Thursday, September 8, 2011

Deer Watching

     So, today, because I clearly can't take a rainy day as an indication to RELAX, I went for another run. And this time the sky was not just misting, it was actively raining. I kind of wonder if it will ever be sunny again, actually. Judging from the weather forecast it might be some time.

     Anyway, I ran the same run that I took yesterday, but today, perhaps convinced that no human would venture out after such epic flooding, I stumbled upon a mother deer and her three babies. Yes, I counted them correctly, there were three babies. Which was the first strange thing about these deer, since typically a mother deer has only one or two offspring. The second strange thing was that, here they were, in September, when the deer are typically gearing up for their mating season, and here were three fawns who still had their spots.

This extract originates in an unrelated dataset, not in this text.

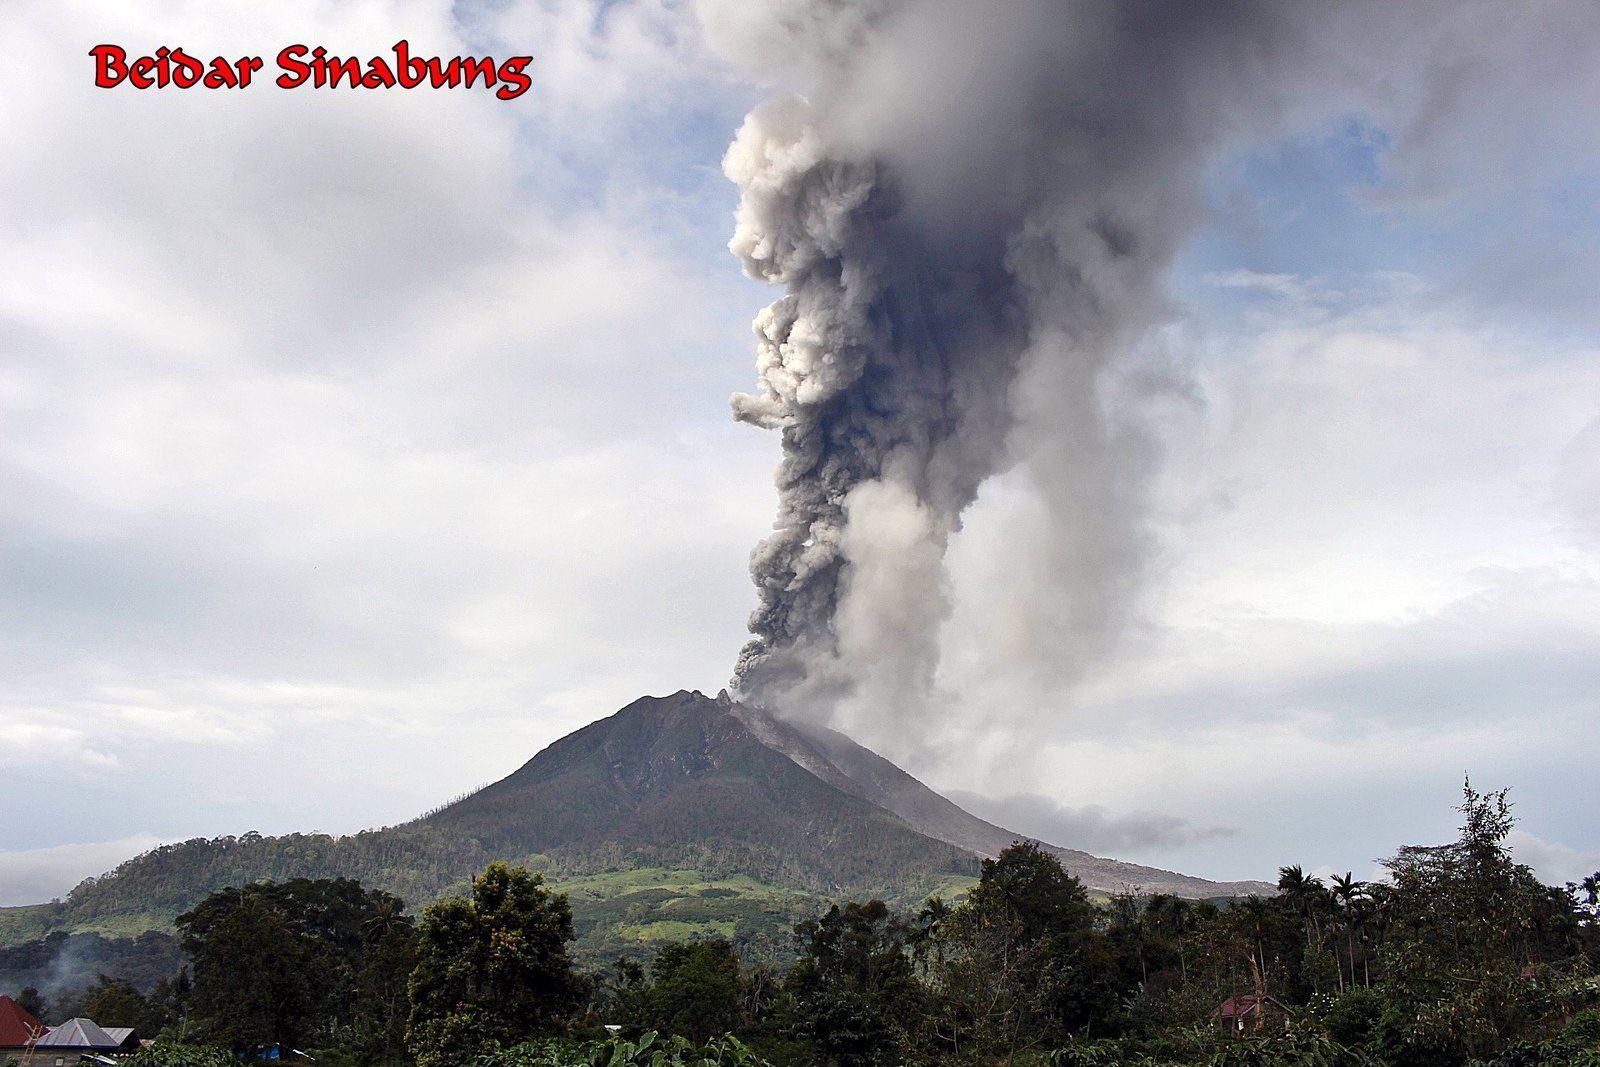 Sinabung - panache du 08.12.2017 / 14h58 WIB - photo Firdaus Surbakti / Beidar Sinabung

     But this little family seemed completely disinterested in me as I jogged up to them, and carried on eating, even as I (completely abandoning all codes of the runner) fully stopped running, thus breaking my stride and crept up behind a log to watch them. Soaking my new running shoes. My new WHITE running shoes. In the mud. But knowing me that was bound to happen sooner or later.

     I think they would have let me watch them all day, they just kept eating, completely unimpressed by my presence. The mother would occasionally look up at me when I would move, soundless though it was to me, and she'd stare hard, her narrow elfin face fixed on where I was "hiding". I could tell by her delicate radar ears and her wide searching eyes that she was not fooled. But after a while she would twitch her ears and bend her head to the grass again, flicking her tail back and forth as she fed. When she had a good mouthful she would lift her head a little and survey her babies, chewing carefully. She would swallow only when satisfied that they were doing well, and only then dip her head again.  She was not a big deer, hardly that much bigger than her fawns, which made me wonder how she could have carried them all.  This must be her first or second reproductive year, she herself is hardly more than a baby.

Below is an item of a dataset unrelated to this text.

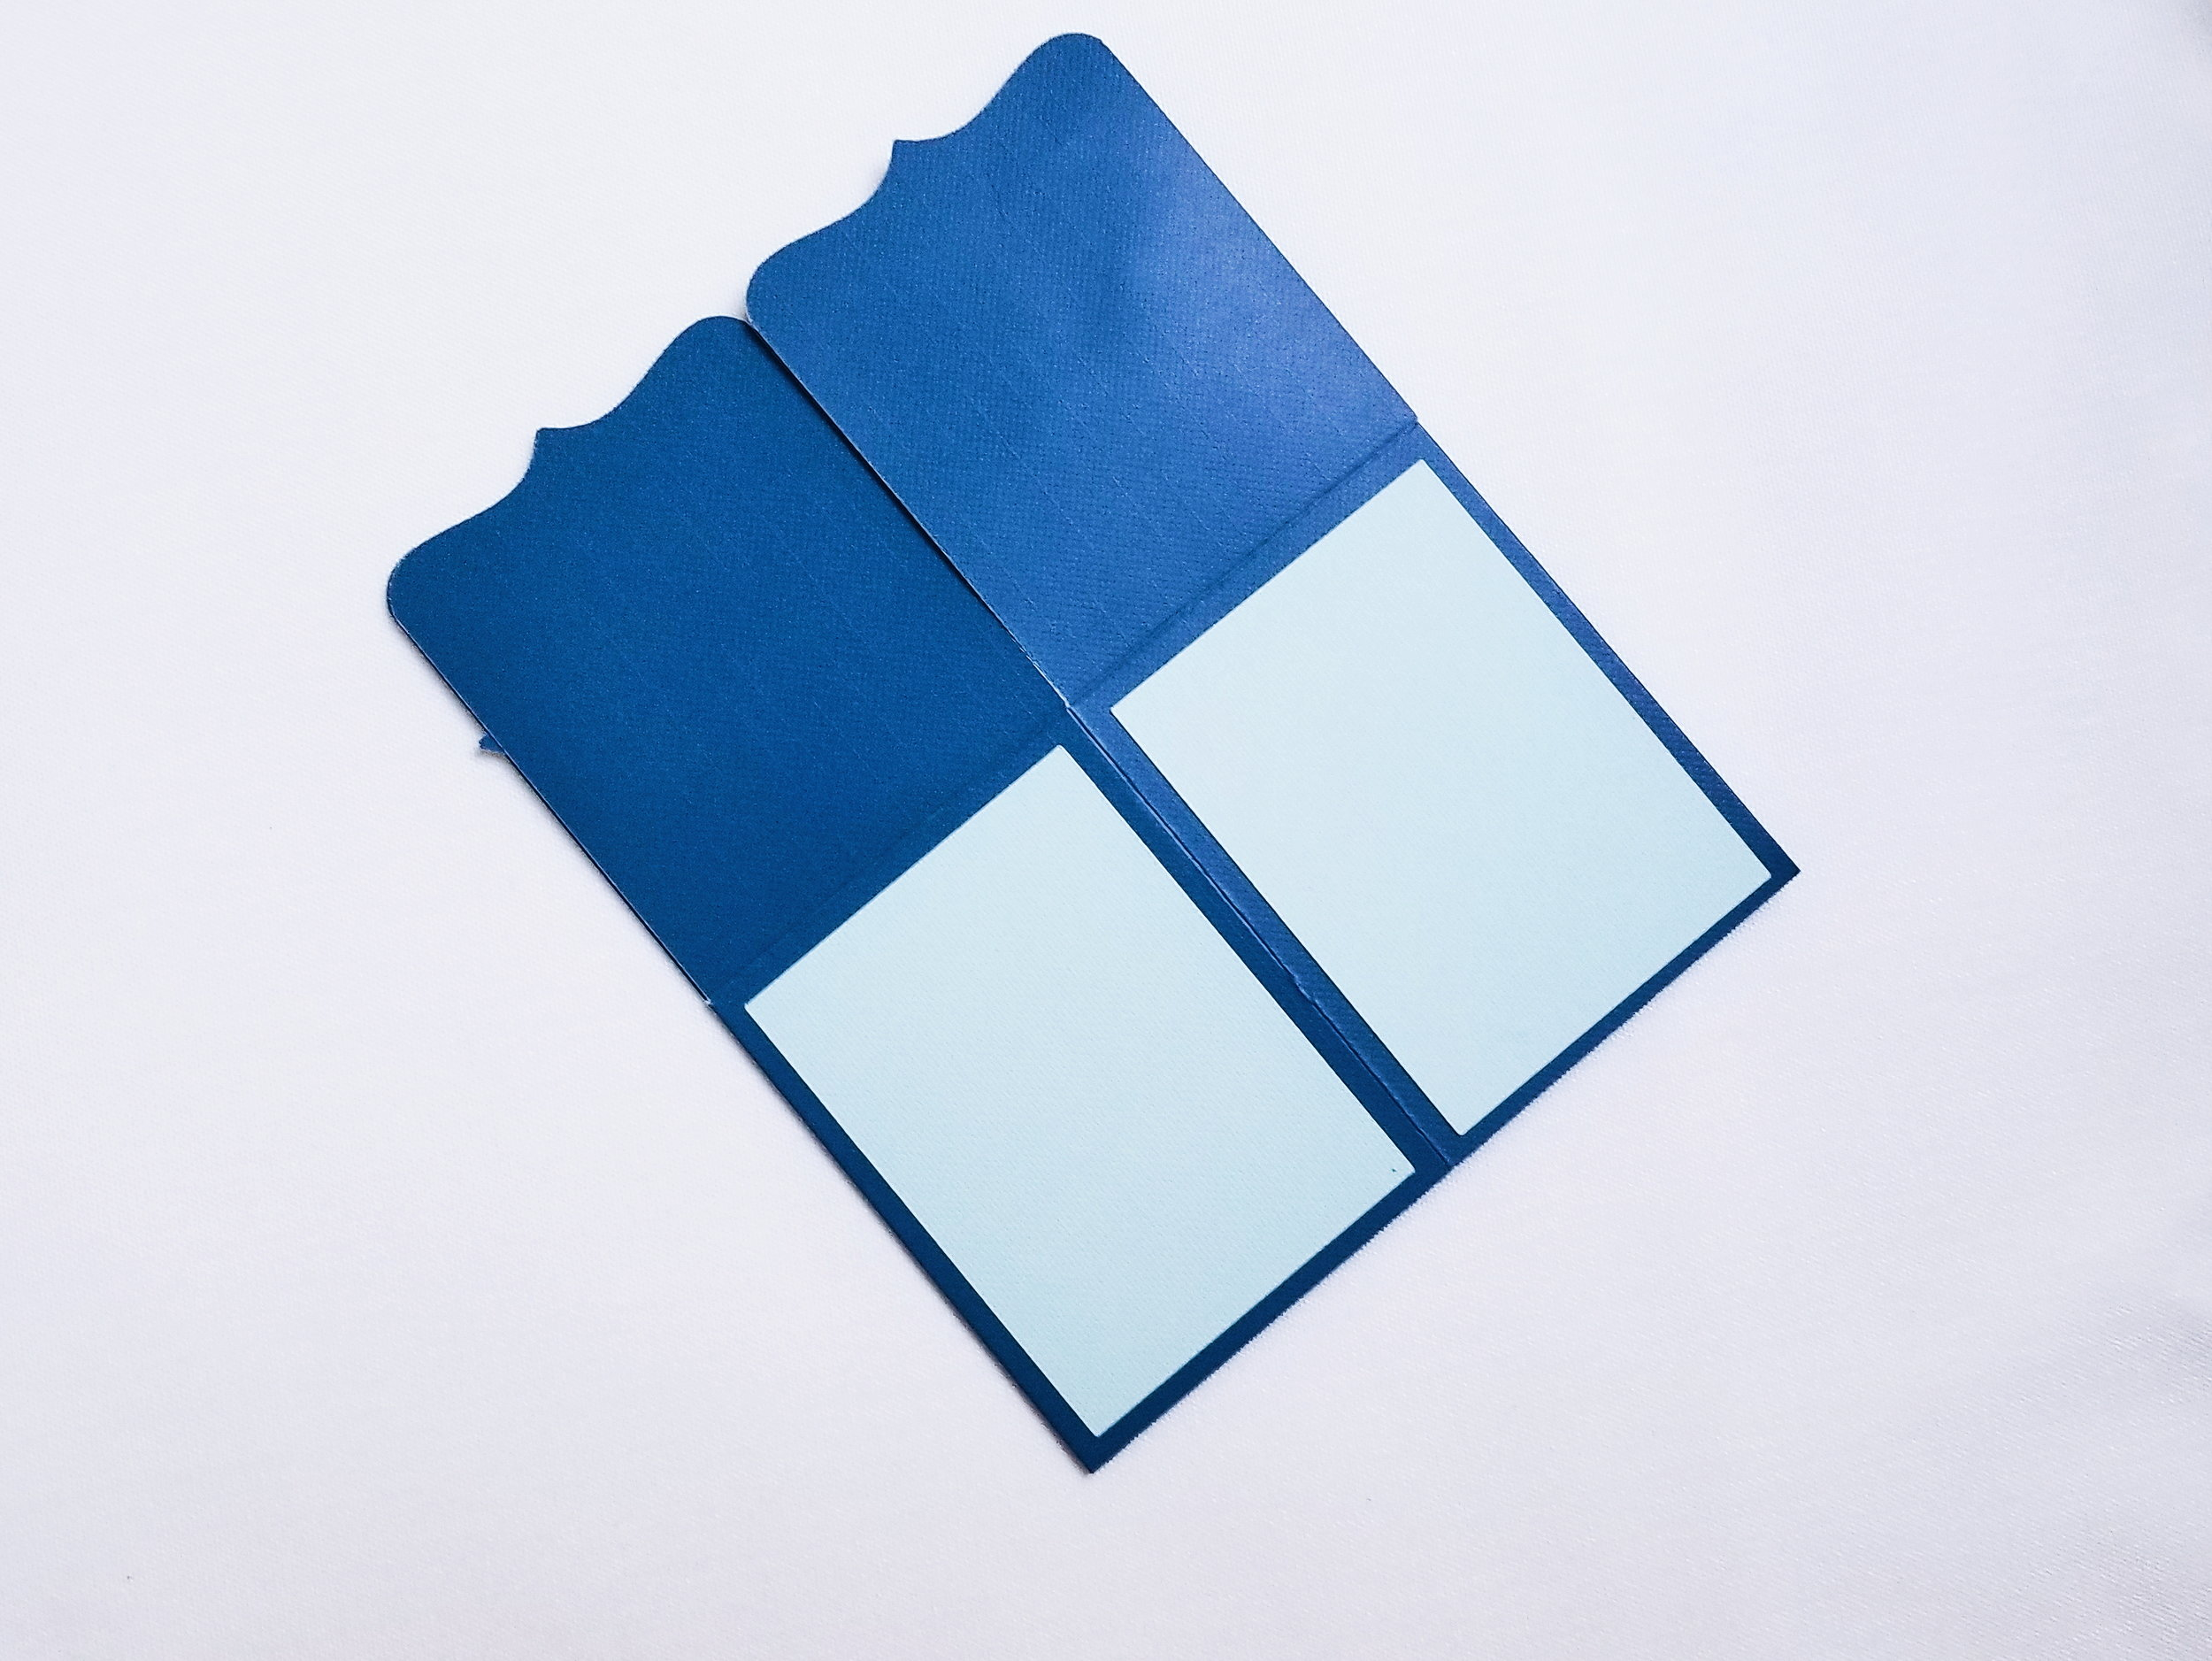 Card Folds Flat

     As a human being I thought to myself "Good job Mama Deer, take good care of your babies." and happily resumed my (now labored) pace. But as an environmentalist, which I can't shake no matter how much I might like to at times, I knew how the odds were stacked against this particular mother. A young deer, in her early reproductive years, birthing fawns late in the season, and having three of them at that. With each fact the likelihood that these fawns will survive the winter diminishes. But I can hope that at least, seeing as how a large graveyard in Philadelphia is completely devoid of anything resembling a natural predator, they might have a slightly better chance.

     Still this was a sobering way to pass the rest of my run, and I will look for this little family again on future runs. And at least with all the rain, although I don't doubt that more horrific flooding will result, they will have a few days of rainy peace to graze and start to prepare themselves for the coming cold.

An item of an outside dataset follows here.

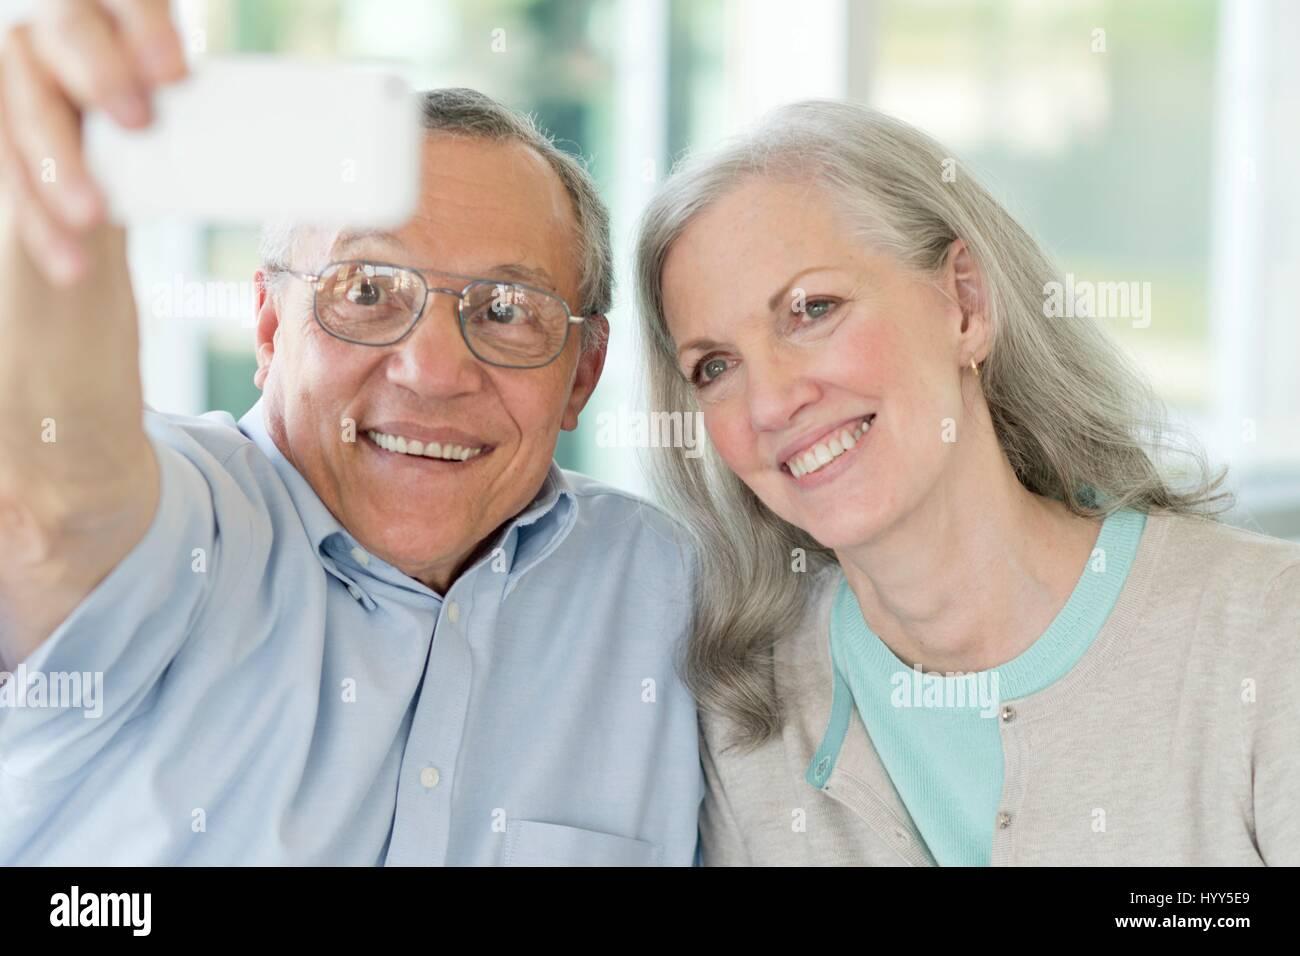 Portrait of senior couple taking selfie on phone. - Stock Image

Wednesday, September 7, 2011

Running

     When I woke up this morning there was a moment when I thought that I would not run, that instead I would wear jeans and a long sleeved shirt and shiver in the dark rainy cool. Though what I would have done with myself besides shiver I don't know. Running in kind of my salvation from being bogged down with free time around here.
     But the air, though misty and soft, was warm, and the sky was gray, but not dripping. So I put on my shoes and took off, heading for the graveyard.
   
     The benefits of the graveyard run are as follows: fairly flat, save for a memorable slow slope at the beginning and an even more remarkable one after the turn around point. Some traffic at the start, but since the bulk of the run is done in the graveyard the car-related-worries of a typical suburban Philly run are definitely lower. The graveyard is beautiful too, all flat sloping green lawns and beautiful sycamore and oak trees. Very old world Philly, back when Glenside was part of the country, fringing along the nicer Irish settlement.
     Of course, depressingly, the relative isolation means I have to maintain a heightened state of alert regarding any suspicious persons in the vicinity. But you pick your poison and there are definitely more cars than there are creepers in my home town.

     I love the days when you think you are not going to run, but then you decide to do it and you are rewarded by feeling like you could run for ever. The weather was perfect, damp and cool, which for this season is a relief instead of a burden. Through the wooded part of the run a silvery mist hung between the trees, turning the leaves a brilliant apple green and making the silvery gray-green lichen on the bark light up like lanterns. That is my favorite part of the woods in the rain, at first glance it seems dull and washed out, but then parts of it almost glow, each individual leaf dripping beads of water that catch the color around them. The normally bright colors, the reds and fuchsias are dulled, and the background colors, the shy colors, are vibrant and beautiful. It is the world in negative, in reverse.
     This quieted and personal world made for a dreamless, effortless run. My legs felt peaceful and well timed, muscles springing and coiling, releasing and coiling again, flexible and resilient. I can always tell when I am exhausted because my muscles feel like bricks, reluctant to relax, reluctant to tighten. When I am not exhausted they are smooth and springy, strong and seemingly tireless. My run today made me realize how exhausted I was when I began this summer. Every run I took made me feel like I was running in sand. But of course, when that's the norm, you don't notice.

     I noticed today, and now that I am back the sun is beginning to peek through the clouds. But I don't regret not waiting to run. I like to walk in sun, but run in the shade.